And simultaneously, the complementarity of the visible light camera and the near infrared camera is utilized, the feature extraction is carried out on the visible light face picture by utilizing a deep learning algorithm, and finally, the feature extracted by the deep learning model is subjected to hierarchical fusion by utilizing a fusion algorithm, so that the effect of complementary advantages is achieved.
In order to achieve the above purpose, the technical scheme adopted by the invention is as follows:
a multi-mode multi-spliced RGB-D significance target detection method comprises the following steps:
s1, dividing an image into non-overlapping subareas, respectively extracting RGB image color information, depth image Depth information and symmetrical invariant LBP characteristics of each image subarea, and forming a region histogram based on the symmetrical invariant LBP characteristics;
s2, measuring the correlation of RGB image color information, depth image Depth information and region histogram based on class condition mutual information entropy, and utilizing a self-adaptive score fusion algorithm to realize fusion of the RGB image color information, the Depth image Depth information and the region histogram in a score level, so as to obtain the final score of each image subarea;
and S3, detecting the saliency target of the image based on the final score of each image subarea.
Further, in the step S1, extraction of RGB image color information, depth image Depth information, and symmetric invariant LBP features of each sub-region is implemented based on a Depth convolution network.
Further, in the step S1, detection of an image uploading target is first implemented based on the dssd_xception_coco model, and then division of image sub-areas is implemented based on a detection result of the target.
Further, each object is configured with an image sub-area, and the remaining background is configured with an image sub-area.
Further, the Dssd_Xreception_coco model adopts a DSSD target detection algorithm, a coco data set is used for pre-training the Xreception neural network, then the model is trained by the previously prepared data set, various parameters in the deep neural network are finely adjusted, and finally a proper detection model for detecting each target in the image is obtained.
Further, in the step S3, the salient object detection of the image is realized according to the final score of each image subarea based on the res net50 model.
Further, the method further comprises the following steps: the step of realizing the identification of the image human eye observation angle is realized, different human eye observation angles correspond to different image deflection angle adjustment models, and the adjustment of the image deflection angle is realized based on the image deflection angle model
The invention has the following beneficial effects:
the detection of the saliency target can be realized quickly and efficiently, and the precision of the saliency detection can be realized.
Drawings
FIG. 1 is a flowchart of a multi-mode multi-spliced RGB-D saliency target detection method according to embodiment 1 of the present invention
Fig. 2 is a flowchart of a multi-mode multi-spliced RGB-D saliency target detection method according to embodiment 2 of the present invention.
Detailed Description
The present invention will be described in further detail with reference to examples in order to make the objects and advantages of the present invention more apparent. It should be understood that the specific embodiments described herein are for purposes of illustration only and are not intended to limit the scope of the invention.
Example 1
A multi-mode multi-spliced RGB-D significance target detection method comprises the following steps:
s1, dividing an image into non-overlapping subareas, respectively extracting RGB image color information, depth image Depth information and symmetrical invariant LBP characteristics of each image subarea, and forming a region histogram based on the symmetrical invariant LBP characteristics;
s2, measuring the correlation of RGB image color information, depth image Depth information and region histogram based on class condition mutual information entropy, and utilizing a self-adaptive score fusion algorithm to realize fusion of the RGB image color information, the Depth image Depth information and the region histogram in a score level, so as to obtain the final score of each image subarea;
and S3, realizing the saliency target detection of the image according to the final score of each image subarea based on the ResNet50 model.
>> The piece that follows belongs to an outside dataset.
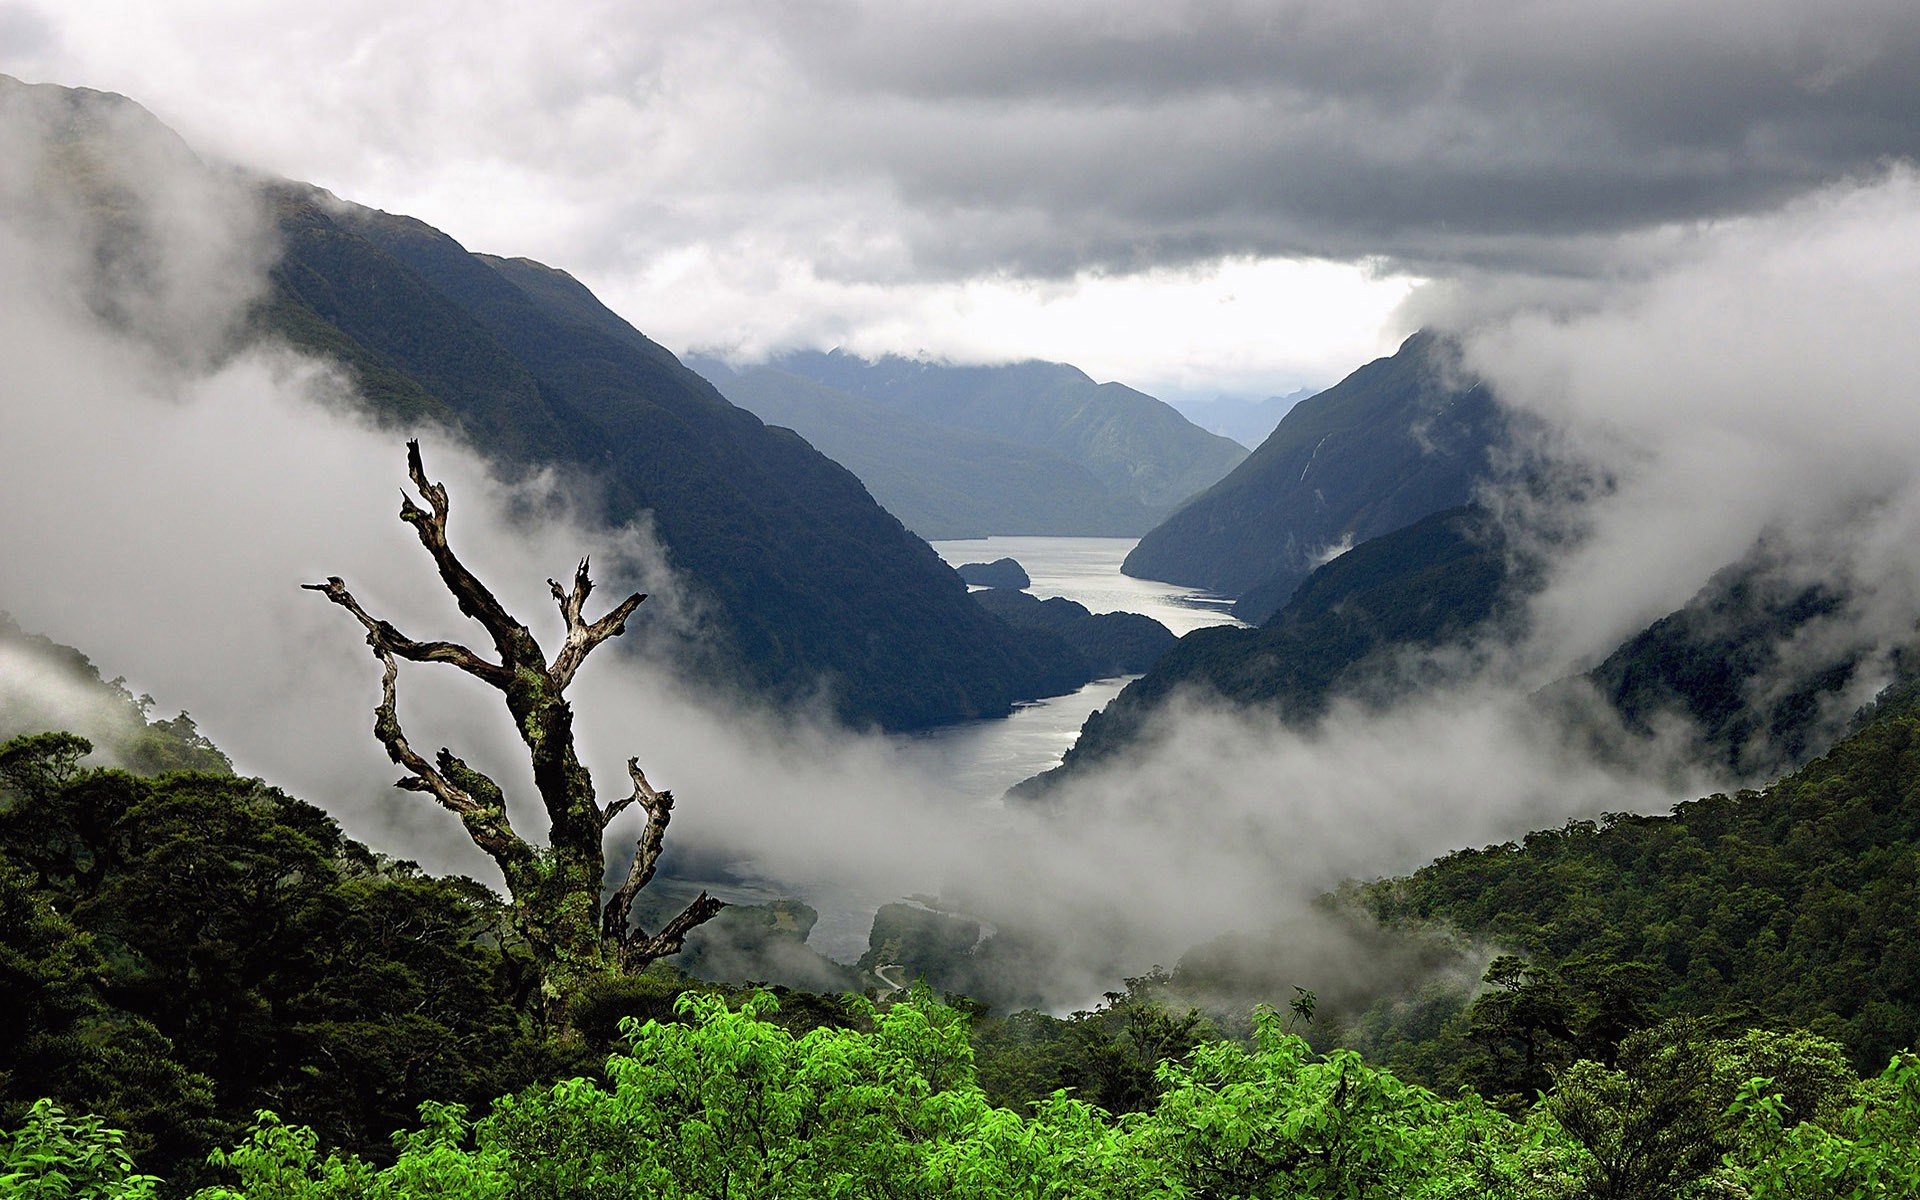 nature, Landscape, Mountain, Mist, Clouds, Sea Wallpapers ...

In this embodiment, in the step S1, extraction of RGB image color information, depth image Depth information, and symmetric invariant LBP features of each sub-region is implemented based on a Depth convolution network.
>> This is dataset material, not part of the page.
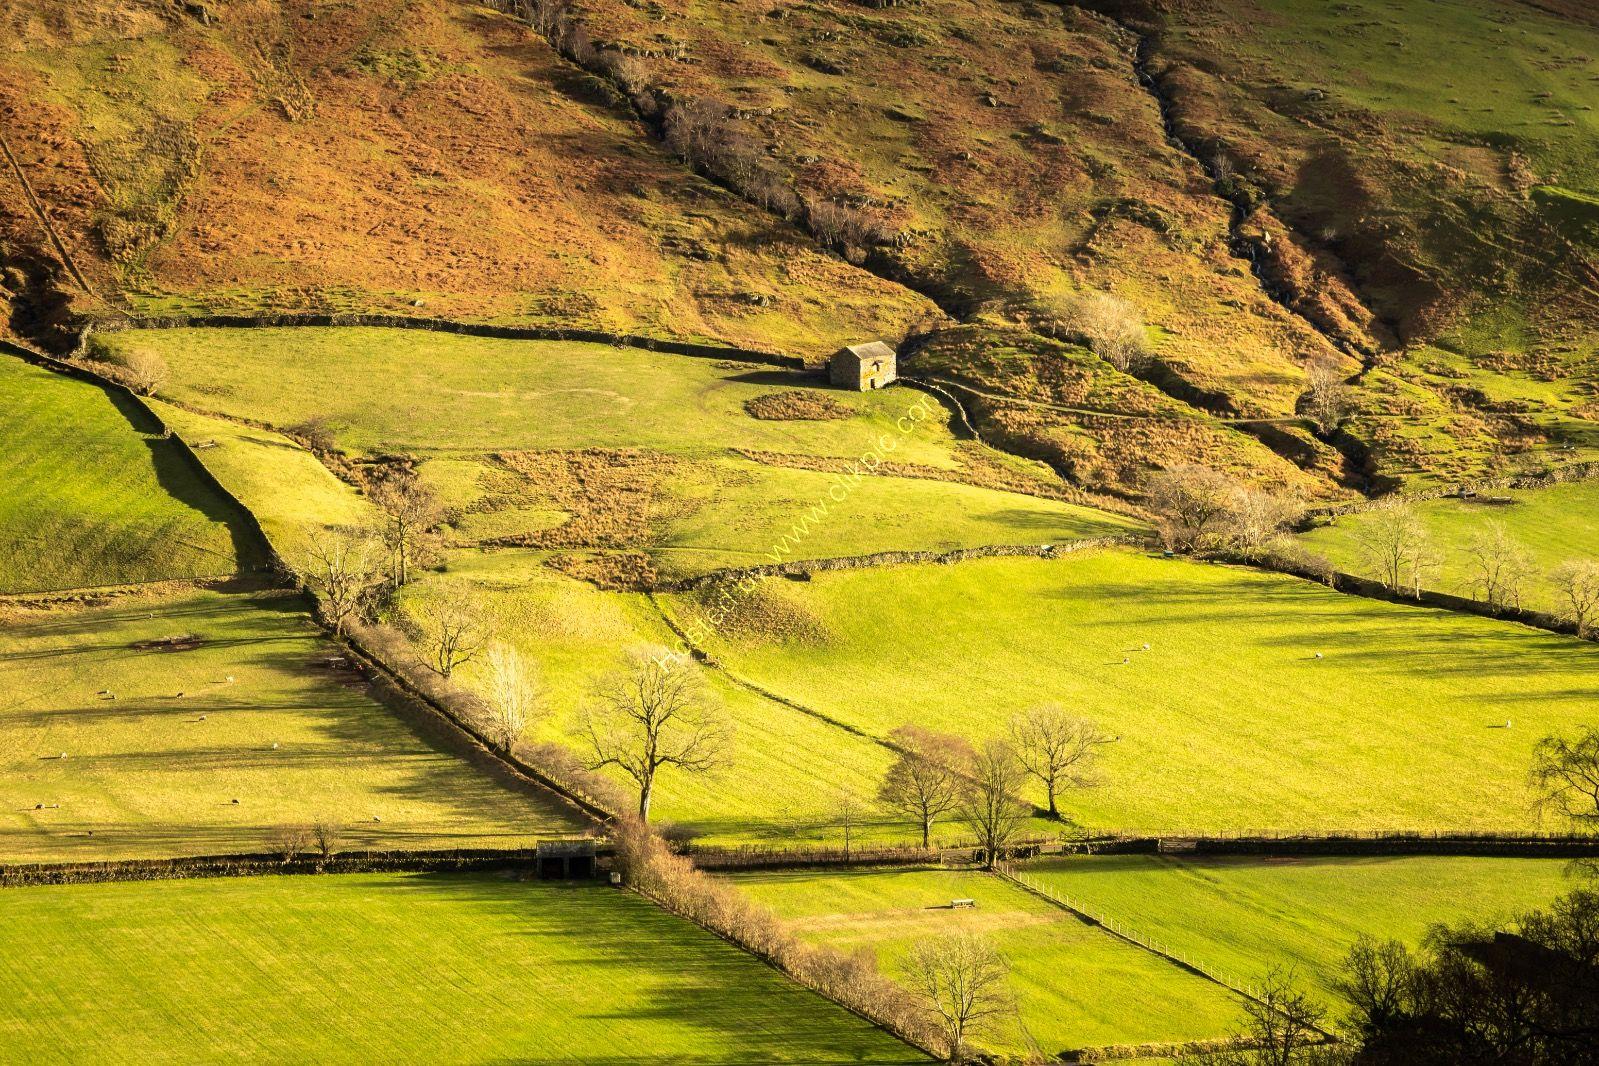 Barn Green Field Kirkstone Pass

In this embodiment, in step S1, detection of an image in-load target is first implemented based on the dssd_xception_coco model, and then division of image sub-regions is implemented based on a detection result of the target. Each object is provided with an image subarea, and the rest background is provided with an image subarea. The Dssd_Xreception_coco model adopts a DSSD target detection algorithm, a coco data set is used for pre-training an Xreception neural network, then the model is trained by a previously prepared data set, various parameters in the deep neural network are finely adjusted, and finally a proper detection model for detecting each target (such as a person, a tree, furniture and the like) in the image is obtained.
Example 2
A multi-mode multi-spliced RGB-D significance target detection method comprises the following steps:
s1, identifying human eye observation angles of images, wherein different human eye observation angles correspond to different image deflection angle adjustment models, and adjusting the image deflection angles based on the image deflection angle models;
s2, dividing the image into non-overlapping subareas, respectively extracting RGB image color information, depth image Depth information and symmetrical invariant LBP characteristics of each image subarea, and forming a region histogram based on the symmetrical invariant LBP characteristics;
s3, measuring the correlation of RGB image color information, depth image Depth information and region histogram based on class condition mutual information entropy, and utilizing a self-adaptive score fusion algorithm to realize fusion of the RGB image color information, the Depth image Depth information and the region histogram in a score level, so as to obtain the final score of each image subarea;
and S4, realizing the saliency target detection of the image according to the final score of each image subarea based on the ResNet50 model.
In this embodiment, in the step S1, extraction of RGB image color information, depth image Depth information, and symmetric invariant LBP features of each sub-region is implemented based on a Depth convolution network.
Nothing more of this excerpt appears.